Поле литературы ждало только землеустроителя и садоводановатора, литературного Мичурина-Бербанка, который окончательно уничтожил бы жанровые межи и, используя в качестве подвоя дички маложурнальной и газетной прессы, привил бы им окультуренный привой художественного «языка» большой литературы». Современная критика обвиняла авторов в «дагерротипичности», «фотографичности» изображаемого, отмечая «необязательность многих вещей, эпизодов, сцен, оказавшихся в их произведениях». В прозу вводятся предметы, почти прямо взятые из эмпирического мира и всегда готовые «вернуться в него обратно, где будут приняты как свои.
Предметы рассказа Чехова внешне схожи с такими вещами, сохраняют их пропорции. Но сходство это мнимо. Центробежным силам этого предметного сообщества противостоят центростремительные, внутренние силы художественной гравитации, чеховского мира, направленные противоположно, приложенные к той же точке и создающие искусствоносную напряженность. <…> Явился новый синкретический жанр. Влияние его ощущается в литературе до сих пор (Поэтика русской литературы конца XIX – начала XX века. Динамика жанра. Общие проблемы. Проза. М., 2009. С. 365–396).

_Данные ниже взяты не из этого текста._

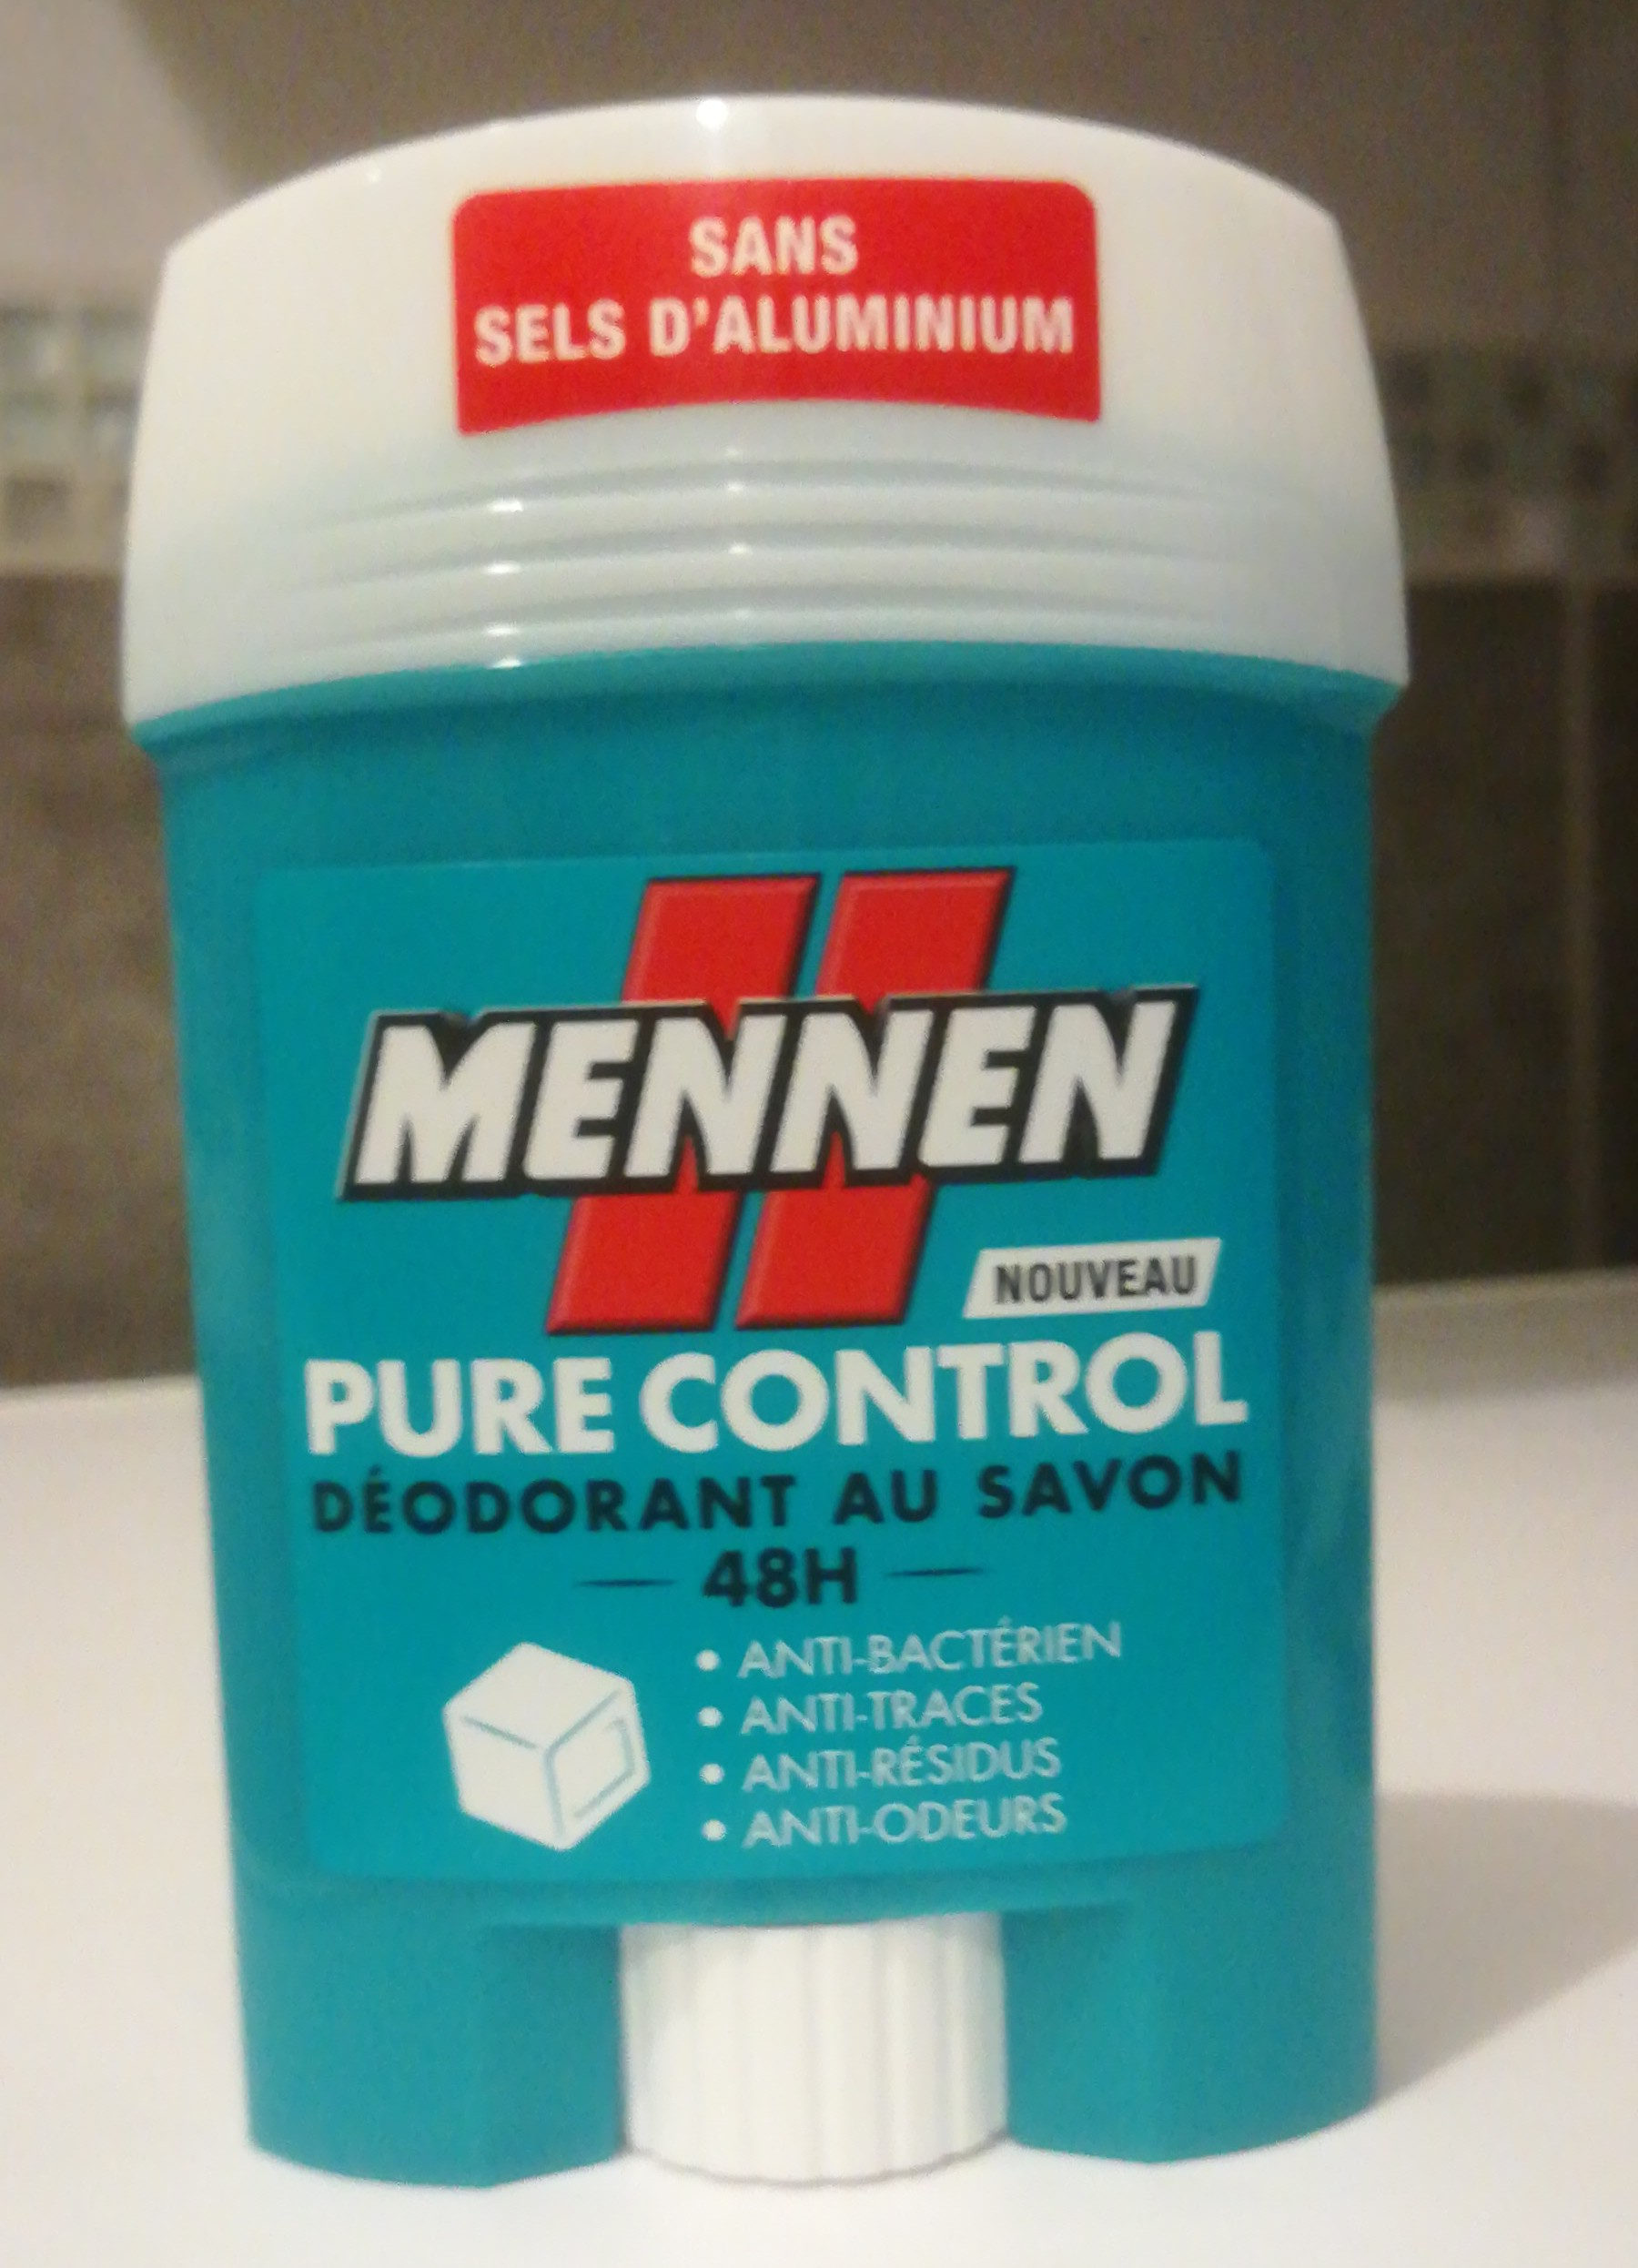 Mennen Pure Control - Produit - fr

По своему темпераменту он не был борцом, не любил, когда его отвлекали от занятий, чтения, писания, дачных его работ, во время которых ему так отлично думалось, – напишут его коллеги по Институту, – но, человек спокойный, неторопливый, берегущий время и силы для научного творчества, он буквально взвивался, когда сталкивался с халтурой и наглым невежеством, и тут его легко было подвигнуть на действие, протест. Он мгновенно соглашался «быть заодно», когда речь шла о противодействии научному любительству или культурному варварству. И это качество не раз заставляло Чудакова вступать в настоящую борьбу за осуществление необходимых науке и культуре изданий или сохранение истинных ценностей, будь то биобиблиографический словарь «Русские писатели. 1800–1917» или чеховский флигель в Мелихове (In memoriam. Александр Павлович Чудаков // Поэтика русской литературы конца XIX – начала XX века… С. 811–812).
Добавим сюда и успешную борьбу российского общества против печально известного проекта поворота рек, в которой он без размышлений принял живое участие.
9 января 2005 года записал: «С тех пор как в моей душе (лет в 12) открылась дверца в литературу и науку – ее уже сможет закрыть только смерть».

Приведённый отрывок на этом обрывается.